I'll echo what skates and iba said -- battlecode was probably one of the most
productive things I did in school. when everyone else is trying to teach you
how to properly to document your preconditions, battlecode is purely about GSD
(get s __* done) - an extremely valuable lesson for an aspiring young
entrepreneur.

my favorite battlecode hack: we used to assign a fixed "cost" to certain
methods, namely Arrays.hashCode(). one of the more experienced players figured
out that everyone was using this to checksum their radio broadcasts. he then
proceeded to reverse engineer the hash code algorithm and spam teams with
enormous messages that had legitimate checksums but were actually just
megabytes of trash! the poor opponents would just sit there chewing cpu until
the engine finally killed them for using too much heap :)
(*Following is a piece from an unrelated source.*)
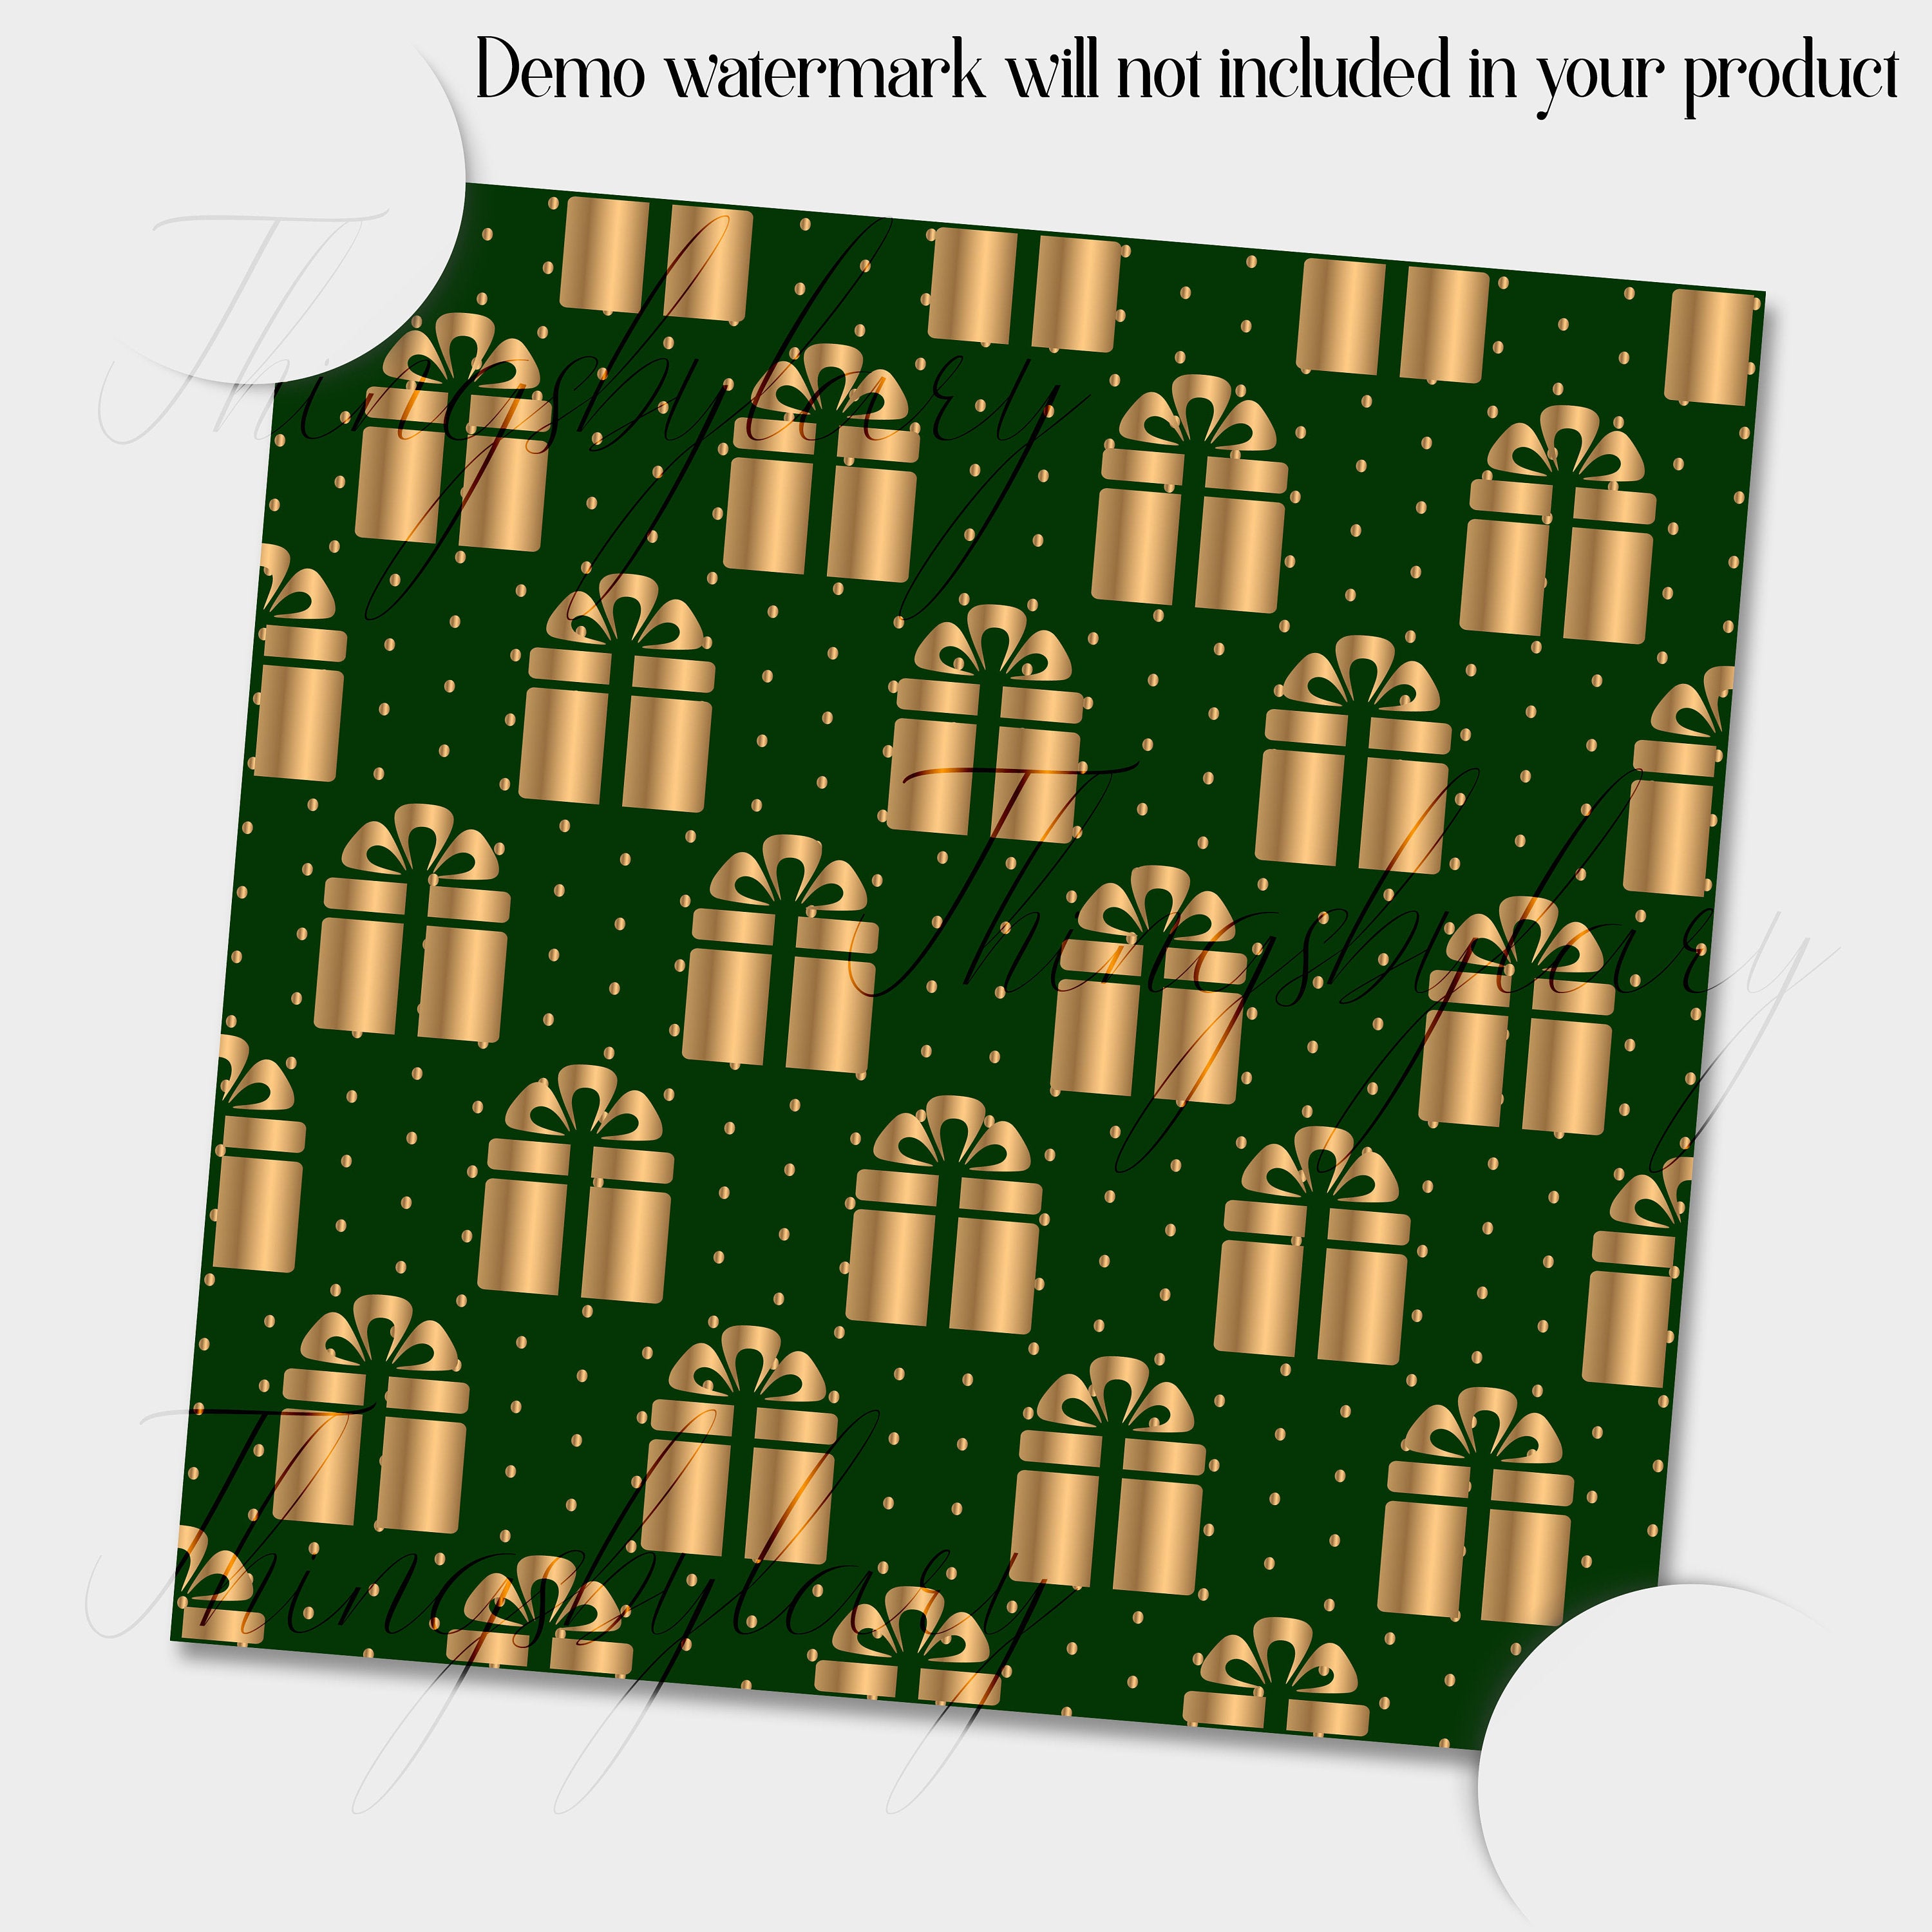 24 Green & Gold Christmas Digital Papers 12 x 12 inch 300 Dpi Instant Download, Scrapbook Papers, Christmas Papers, Commercial Use
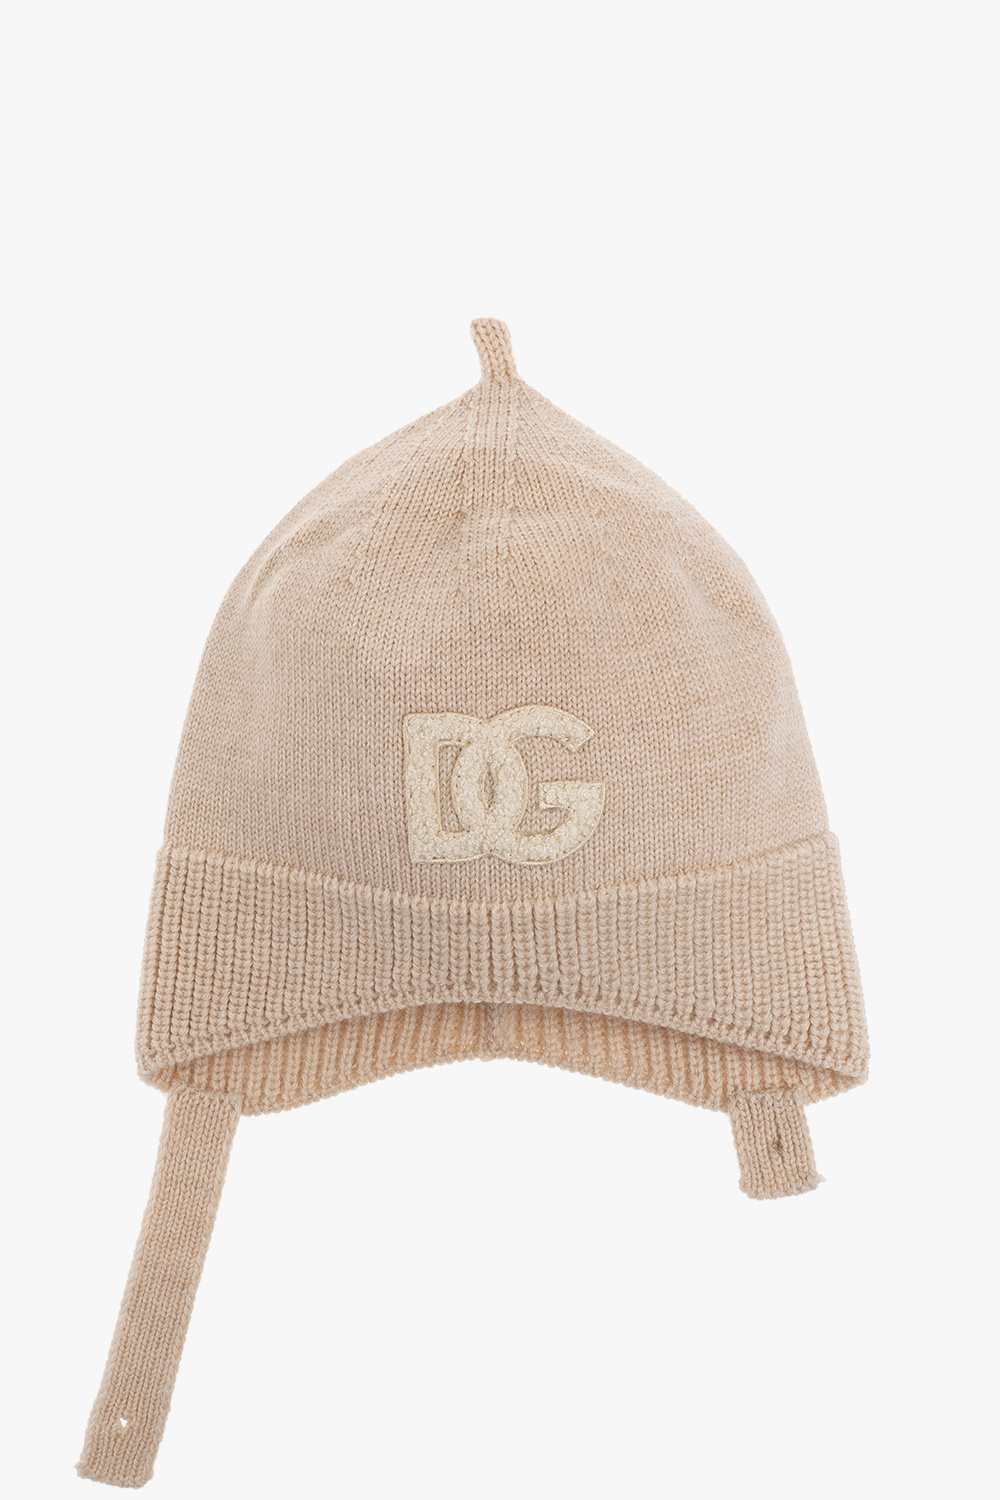 Krups KP 1A05 Piccolo XS Dolce Gusto Κάψουλες Καφετιέρα Beanie with logo

edit: actually read through cory's post - glad to see he already mentioned
this one!

------
sskates
I highly, highly recommend any current MIT undergrad who is serious about
starting a company to compete to win in Battlecode during IAP. It's as close
to starting a company as you can get.

Watching your bots win and lose while trying to prioritize fixes is exactly
what prioritizing things in your startup is like, without all of the downsides
of taking forever to get traction.

There's also a long legacy of alums going on to found successful YC startups
(Dropbox and Etherpad being the best examples). You also get to say you've won
MIT's biggest programming competition, which gives you a huge amount of
credibility.

Also feel free to reach out to me if you're interested in starting a
company/doing Battlecode and currently an undergrad at MIT! (My team won in
2009 and 2010 and I'd be happy to help.)

------
mpapi
Battlecode (RoboCraft!) taught me a whole lot about the sorts of tradeoffs you
have to make as an engineer in the real world in a way that nothing else at
MIT really did. It definitely put freshman-year me in my place, too. Pretty
sure it was my first MIT all-nighter.

It's an awesome experience for the directors as well, as the competition
itself is basically a small startup. 3 or 5 students responsible for coming up
with an idea (for that year's game objective), pitching to investors (sponsor
companies), shipping a product (game engine + docs + online scrimmages),
supporting several hundred users (contestants), keeping servers up,
orchestrating a live tournament, placing an order for $2500 worth of pizza,
getting up and speaking in front of a thousand
contestants/spectators/sponsors, fixing bugs in the tournament bracket viewer
in the middle of the tournament... Not something that every undergrad gets to
do, that's for sure.

------
leelin
Now I feel old! I participated in the first two Battlecode's ever, but that
was back when it was simply 6.370. The first year was a board game and we
stared at ASCII graphics all IAP long. By my M.Eng year, Aaron Iba and co.
turned everything around and kicked off the golden age of 6.370.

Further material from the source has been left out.